Data for Level 2 units can be returned by using the `level = "2"` argument. The dataset will still show the corresponding Level 1 region.
An example of a country with Level 2 units is France, where Level 2 units are French departments:
```{r}
get_regional_data(country = "france", level = "2")
```
This data again has the following format:
```{r, echo=FALSE, eval=TRUE, message=FALSE}
knitr::kable(
tail(get_regional_data(country = "france", level = "2"), n = 5)
)
```
### Totals
For totalled data up to the most recent date available, use the `totals` argument.
```{r}
get_regional_data("france", totals = TRUE)
```
This data now has no date variable and reflects the latest total:
```{r, echo=FALSE, eval=TRUE, message=FALSE}
knitr::kable(
tail(get_regional_data(country = "france", totals = TRUE), n = 5)
)
```
## Data glossary
#### Subnational data
The data columns that will be returned by `get_regional_data()` are listed below.
To standardise across countries and regions, the columns returned for each country will _always_ be the same. If the corresponding data was missing from the original source then that data field is filled with NA values (or 0 if accessing totals data).
Note that Date is not included if the `totals` argument is set to TRUE. Level 2 region/level 2 region code are not included if the `level = "1"`.
* `date`: the date that the counts were reported (YYYY-MM-DD).
* `level_1_region`: the level 1 region name. This column will be named differently for different countries (e.g. state, province).
* `level_1_region_code`: a standard code for the level 1 region. The column name reflects the specific administrative code used.

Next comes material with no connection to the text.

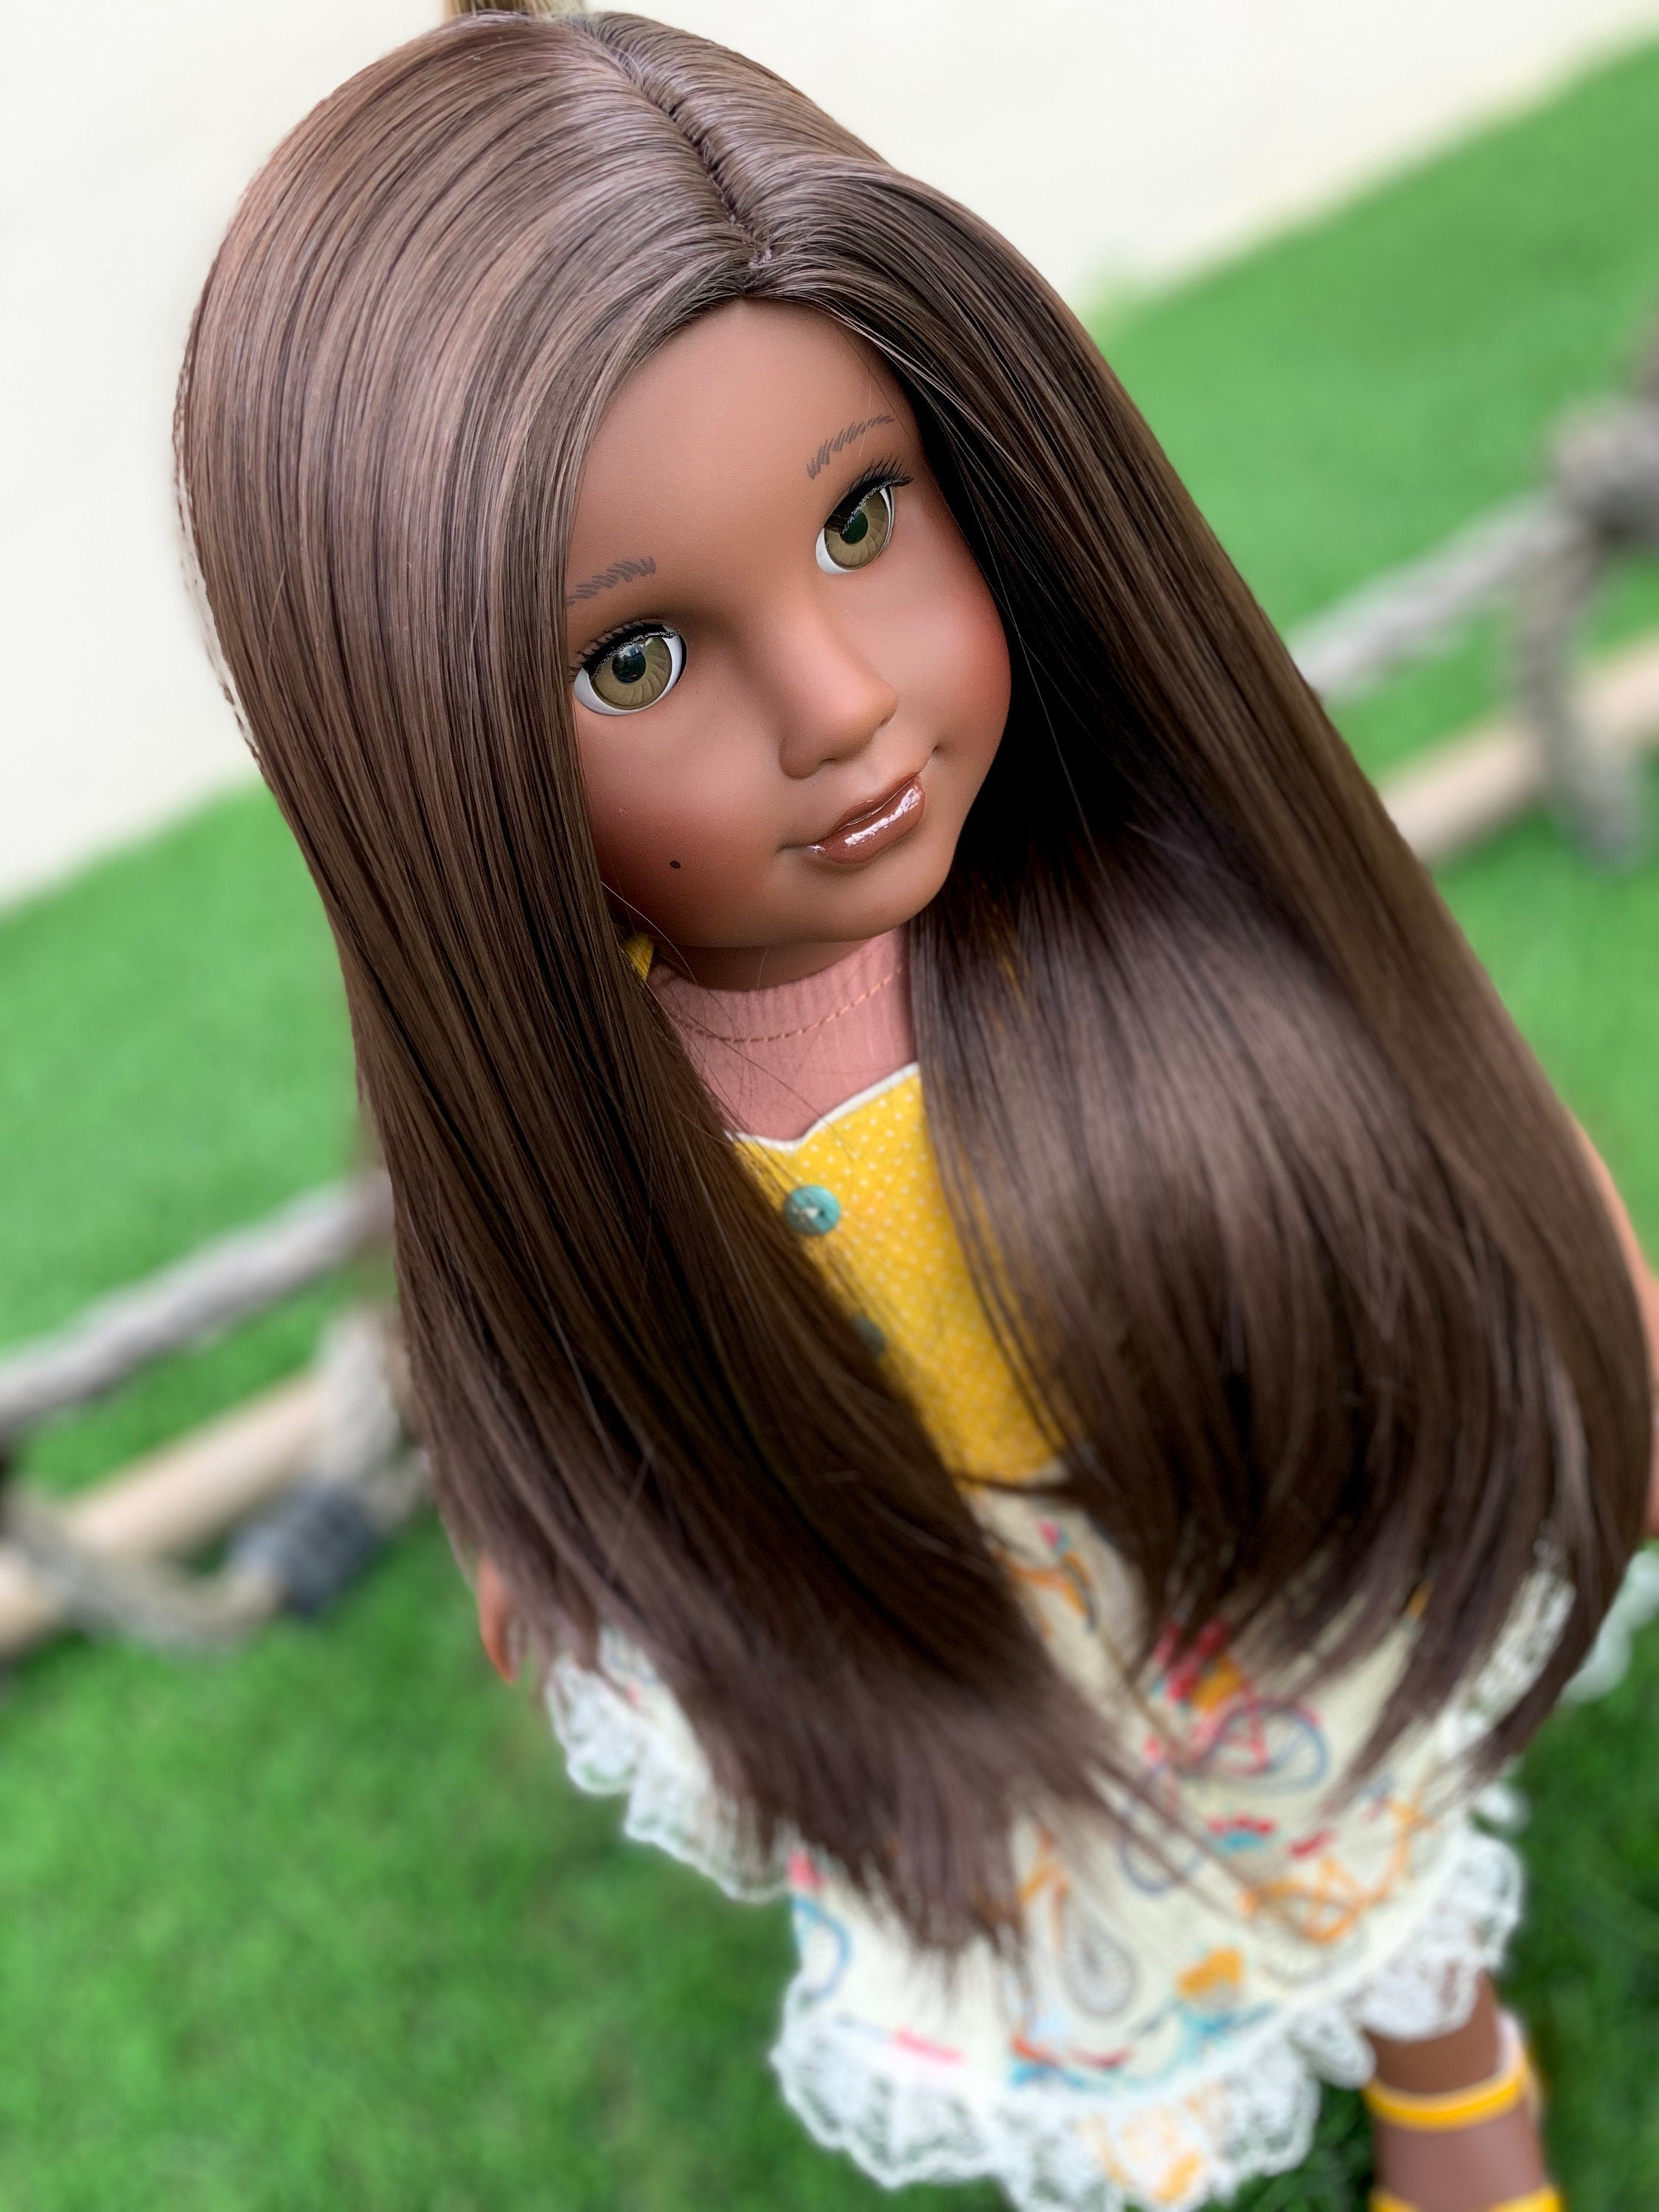 Custom doll wig for 18" American Girl Dolls - Heat Safe - Tangle Resistant - fits 10-11" head size of 18" dolls OG Blythe BJD Gotz Brown

Typically data returns the iso_3166_2 standard, although where not available the column will be named differently to reflect its source.

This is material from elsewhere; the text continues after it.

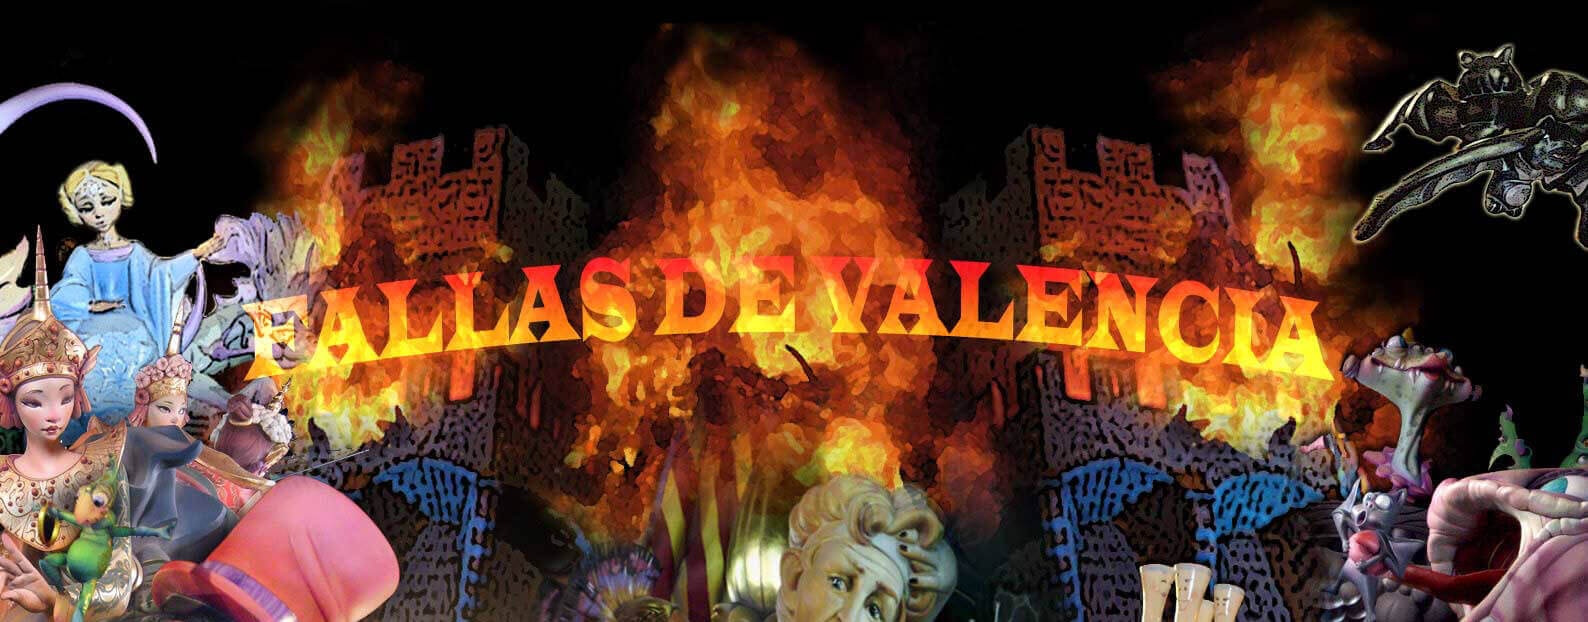 Валенсийский праздник Лас Фальяс (Las Fallas) признан наследием ЮНЕСКО

* `level_2_region`: the level 2 region name. This column will be named differently for different countries (e.g. city, county).
* `level_2_region_code`: a standard code for the level 2 region. The column will be named differently for different countries (e.g. `fips` in the USA).

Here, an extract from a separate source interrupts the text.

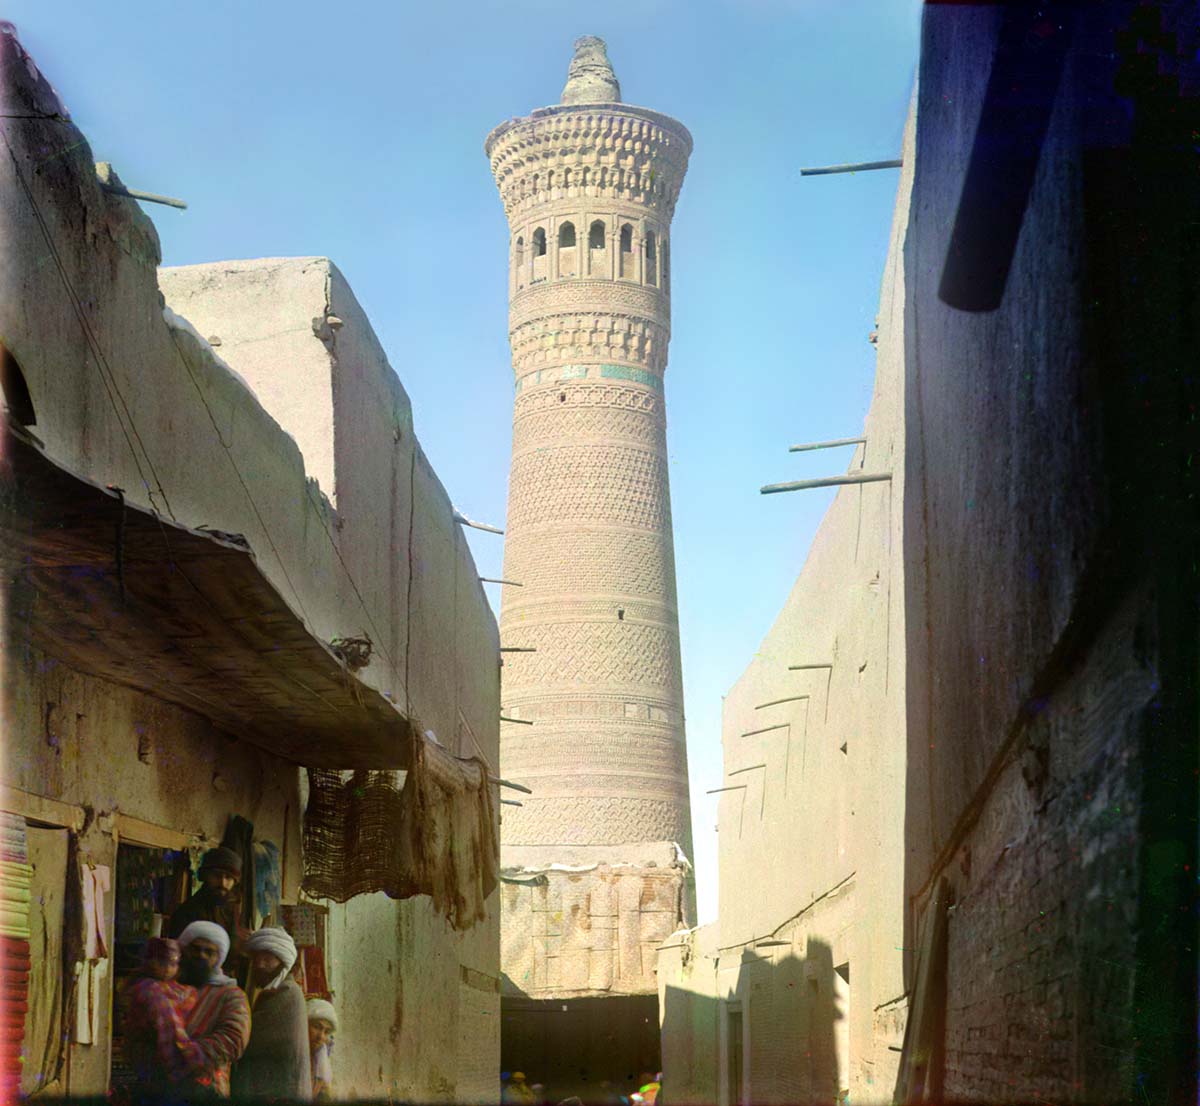 Bukhara. Big Minar in Old Bukhara
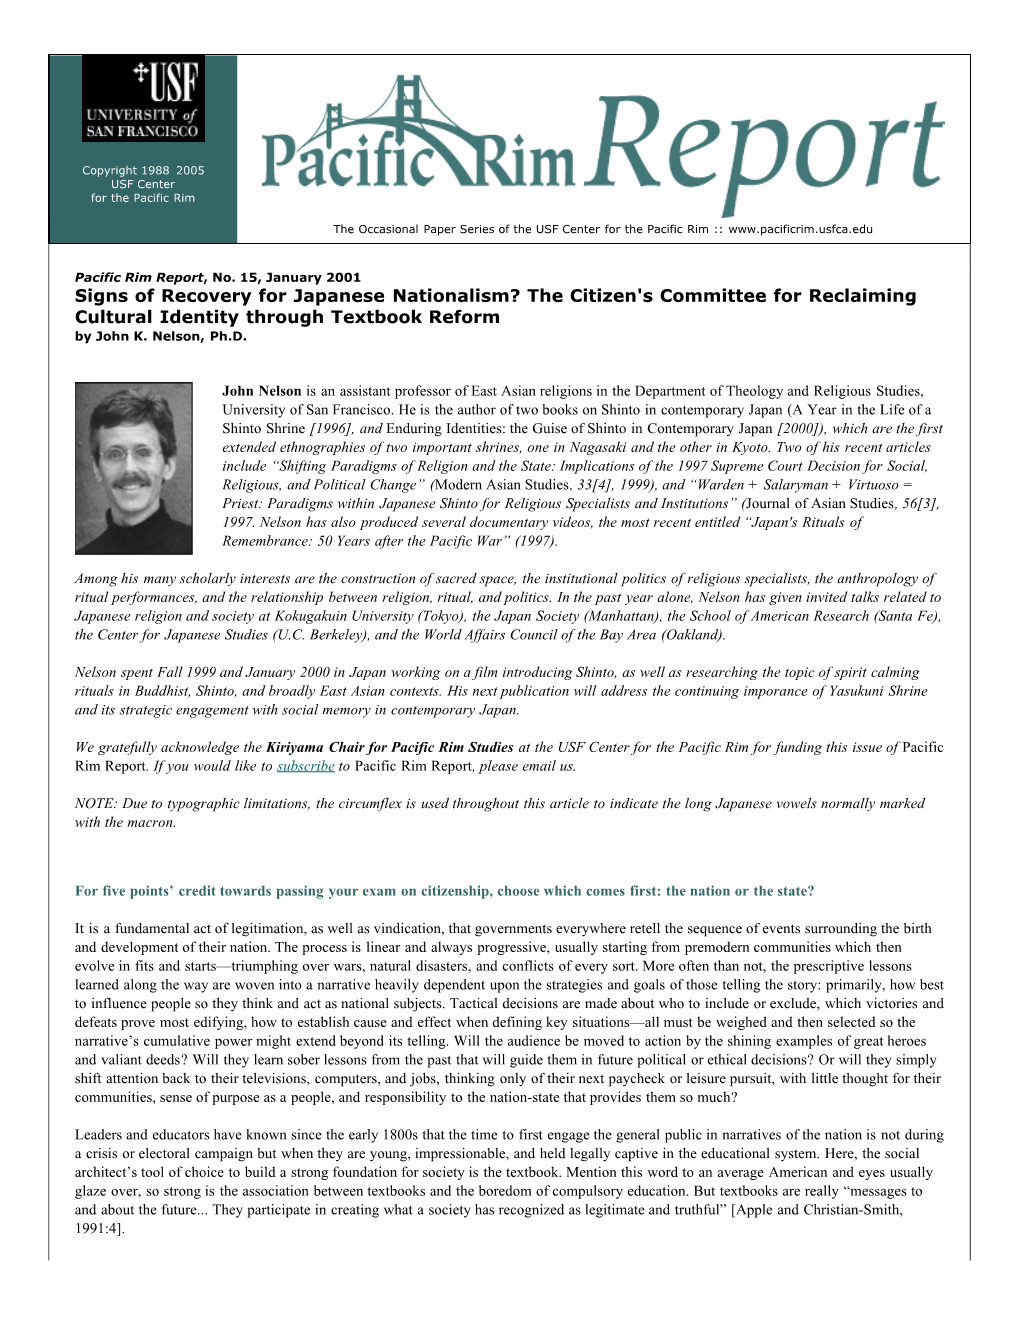 Pacific Rim Report No.15

* `cases_new`: new reported cases for that day.
* `cases_total`: total reported cases up to and including that day.
* `deaths_new`: new reported deaths for that day.
* `deaths_total`: total reported deaths up to and including that day.
* `recovered_new`: new reported recoveries for that day.
* `recovered_total`: total reported recoveries up to and including that day.
* `hosp_new`: new reported hospitalisations for that day.
* `hosp_total`: total reported hospitalisations up to and including that day (note this is cumulative total of new reported, _not_ total currently in hospital).
* `tested_new`: tests for that day.
* `tested_total`: total tests completed up to and including that day.
#### National data
In addition to the above, the following columns are included when using `get_national_data()`.
* `un_region`: country geographical region defined by the United Nations.
* `who_region`: only included when `source = "WHO"`. Country geographical region defined by WHO.
* `population_2019`: only included when `source = "ECDC"`. Total country population estimate in 2019.